## [Material for the task]
--------------------------------
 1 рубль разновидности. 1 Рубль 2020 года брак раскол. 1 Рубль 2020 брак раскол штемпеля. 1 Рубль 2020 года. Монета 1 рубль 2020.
--------------------------------
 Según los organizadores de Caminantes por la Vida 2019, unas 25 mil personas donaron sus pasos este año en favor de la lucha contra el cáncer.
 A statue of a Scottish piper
--------------------------------
From the entries above, return exactly the line containing "Según los organizadores", the line containing "A statue of a Scottish piper", and all lines between, and nothing else.

## [Task solution]
 Según los organizadores de Caminantes por la Vida 2019, unas 25 mil personas donaron sus pasos este año en favor de la lucha contra el cáncer.
 A statue of a Scottish piper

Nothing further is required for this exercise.